Para chegarmos no mesmo resultado da nossa classe Fruta anterior, fazemos:

class MinhaClasseFruta {
constructor(nome, cor) {
this.nome = nome;
this.cor = cor;
}

toString () {
// aqui podemos chamar o método toString() da classe mãe Object
super.toString();
        // e/ou colocar nosso código especializado 
console.log(this.nome + ", " + this.cor);
}
}
var banana = new MinhaClasseFruta('banana', 'amarelo');
var uva = new MinhaClasseFruta('uva', 'roxa');
// comprovando que, assim como prototype, os métodos de class são compartilhado
// entre suas instâncias
console.log(banana.toString === uva.toString); // true
banana.toString(); // 'banana, amarelo'
uva.toString(); // 'uva, roxa'

A classe Fruta criada no primeiro exemplo e a classe criada com a nova implementação de class ambas são Funções Construtoras, por isso class também herda de Objects implicitamente e são usadas do mesmo jeito: executando-as com a palavra-chave new.

Então, classes também são funções no JavaScript:

// retornam uma nova instância de objeto
var banana = new MinhaClasseFruta('banana', 'amarelo');
console.log(banana); // [object Object] {
// cor: "amarelo",
// nome: "banana"
// }
// classes continuam sendo função
console.log(MinhaClasseFruta); // function () { ... }

class retornam uma nova instância de objeto e também é baseada em prototype.

Agora herdando da superclasse Natureza:

// criando a superclasse Natureza
class Natureza {
constructor(nome) {
this.nome = nome;
}

toString() {
return this.nome;
}
};
// criando a subclasse Fruta
class Fruta extends Natureza {
constructor(nome, cor, temSemente) {
// chamando o construtor da superclasse
super(nome);
        this.cor = cor;
this.temSemente = temSemente;
}

toString() {
let comOuSem = this.temSemente ? "com" : "sem";
return super.toString() + ' ' + this.cor + ' ' + comOuSem + " semente";
}
};
var banana = new Fruta("banana", "amarela", false);
var uva = new Fruta("uva", "roxa", true);
console.log(banana.toString()); // "banana amarela sem semente"
console.log(uva.toString()); // "uva roxa com semente"
// verificando o protótipo usado para construir o objeto uva
console.log(uva.constructor);
/* function Fruta(nome, cor, temSemente) {
_classCallCheck(this, Fruta);
      // chamando o construtor da superclasse
_get(Object.getPrototypeOf(Fruta.prototype), "constructor", this).call(this, nome);
this.cor = cor;
this.temSemente = temSemente;
} */

Conclusão

O JavaScript, apesar de ser potente em orientação a objetos, é por natureza uma linguagem funcional.

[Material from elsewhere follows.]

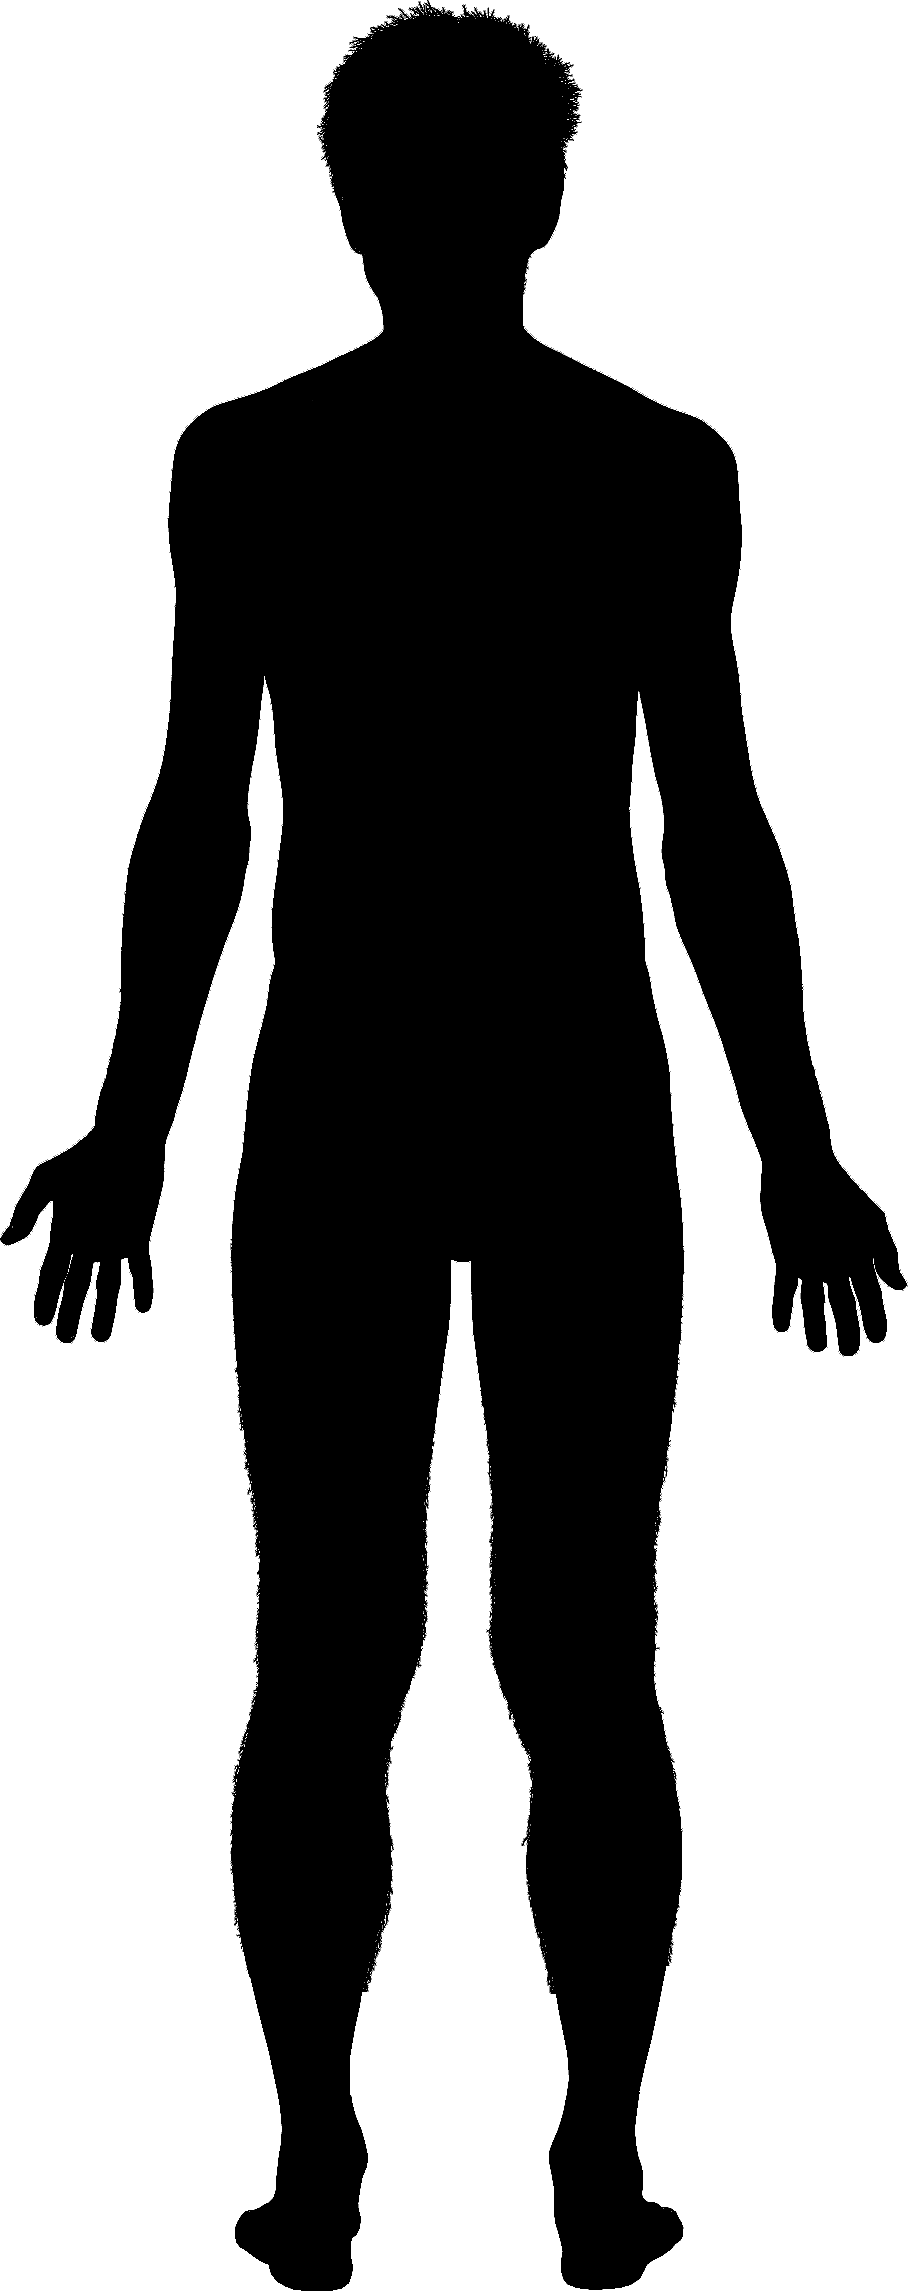 Human Body Silhouette Clipart

Por isso ele não tem um sistema de herança apropriado, porém ele tem prototype.

Todo objeto em JavaScript, quando criado, tem sua definição herdada de um protótipo (prototype). Aliás esse protótipo também é um objeto que por sua vez também tem um protótipo. Exceto pelo objeto Object, que é o último protótipo da cadeia de protótipos (Prototype Chain).

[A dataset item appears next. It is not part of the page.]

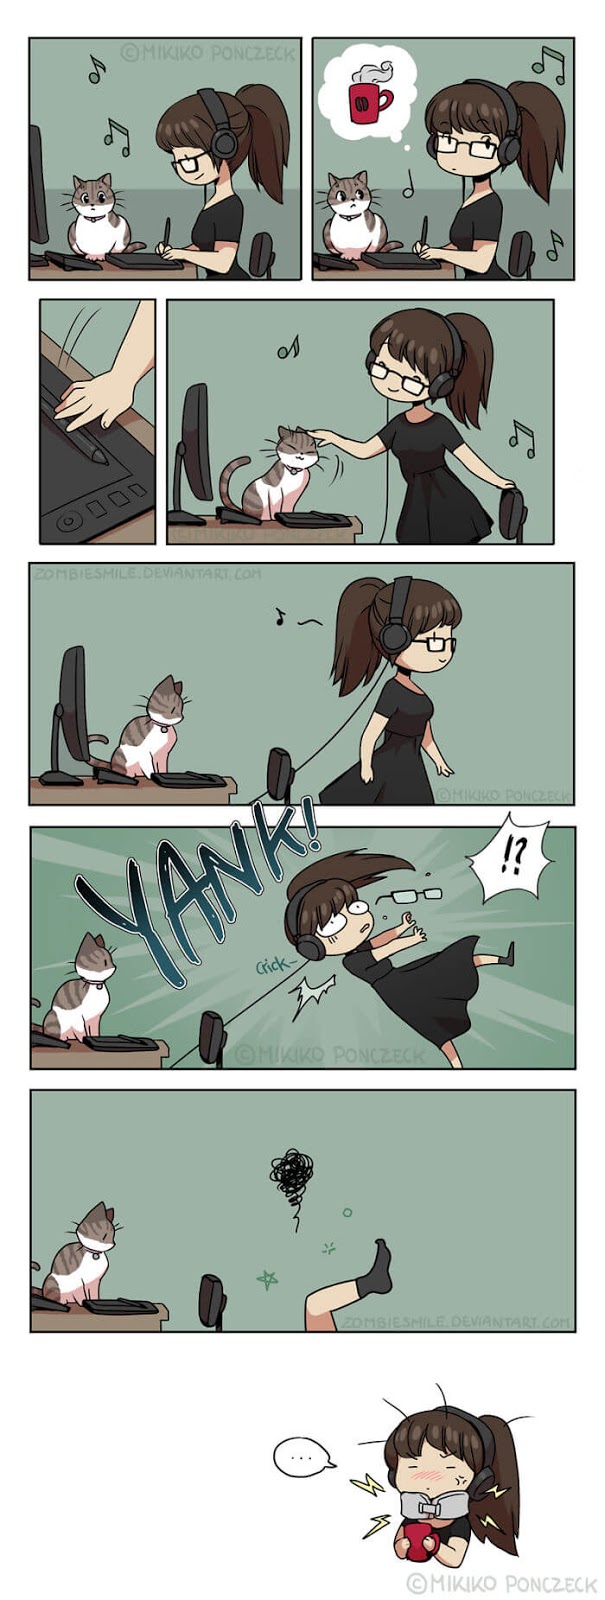 Artist Illustrates Cute Comics About Her Daily Life With Her Partner And Cat

Protótipos são definições de funções e objetos (métodos e propriedades) e neles podemos “atachar” métodos, que também são funções. Atachando funções em protótipos nos dá a vantagem de compartilhar a mesma referência de funções entre os objetos criados a partir desse protótipo.

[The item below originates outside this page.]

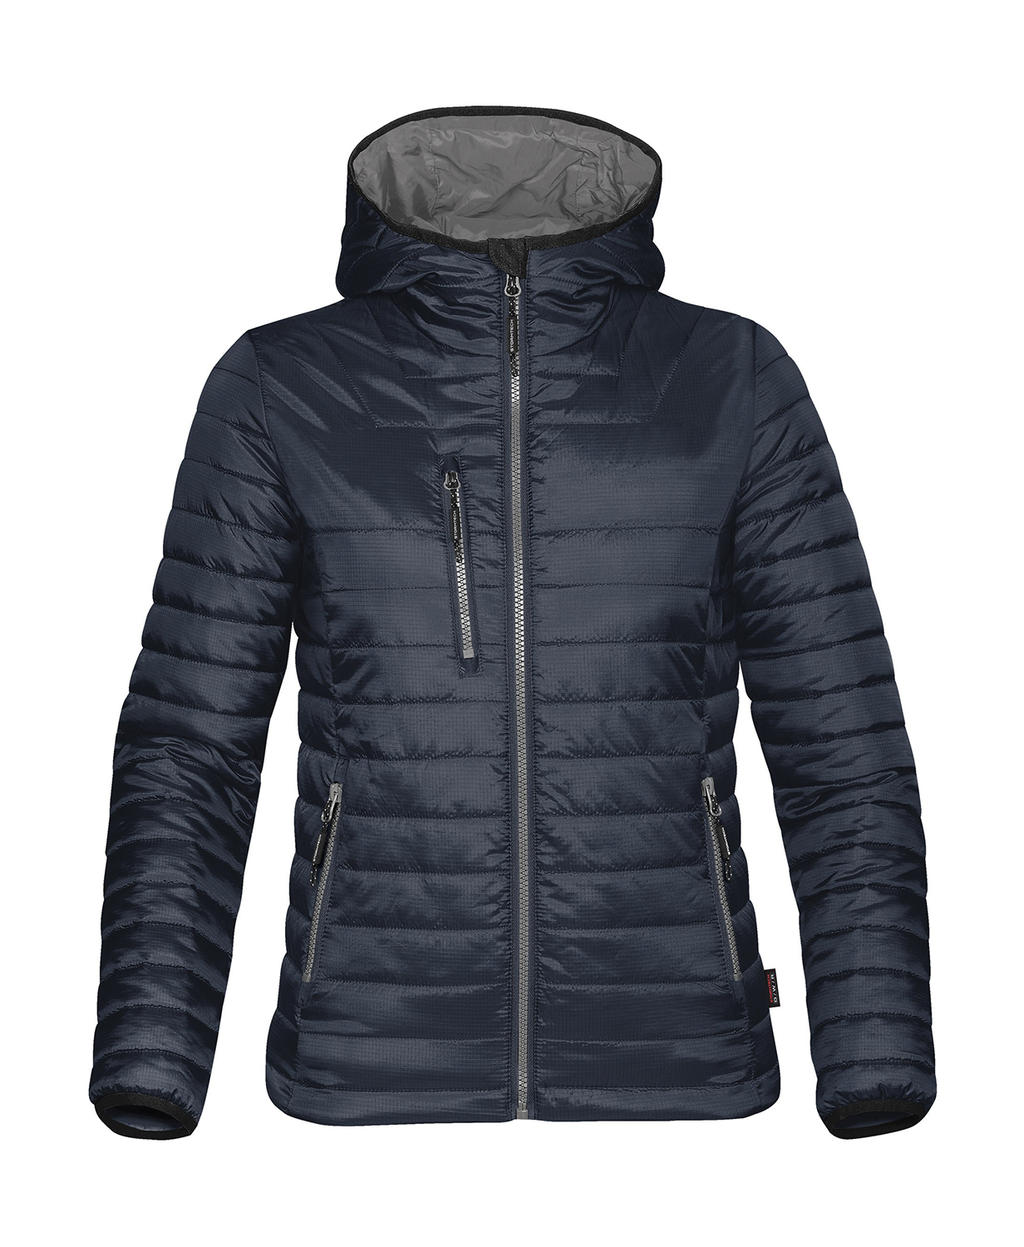  Womens Gravity Thermal Jacket in Farbe Navy/Charcoal

O que é mais legal em JavaScript, na minha opnião, é que ele não nos obriga a programar de uma maneira engessada, seguindo um padrão definido por alguém, como outras linguagens orientadas a objetos tradicionais fazem. Eu particularmete gostei da adição do açucar sintático class mesmo eu não o usando muito, acho que fica fácil para aqueles vindos de linguagens como Java e C# iniciar com e entender JavaScript. Eu prefiro a programação funcional do javascript, mas o que eu mais gosto no JavaScript é a liberdade que ele nos dá para escolher o paradigma que preferirmos usar. Podemos fazer a mesma coisa usando toda a potência da programação orientada a objetos ou apenas programação funcional ou reativa.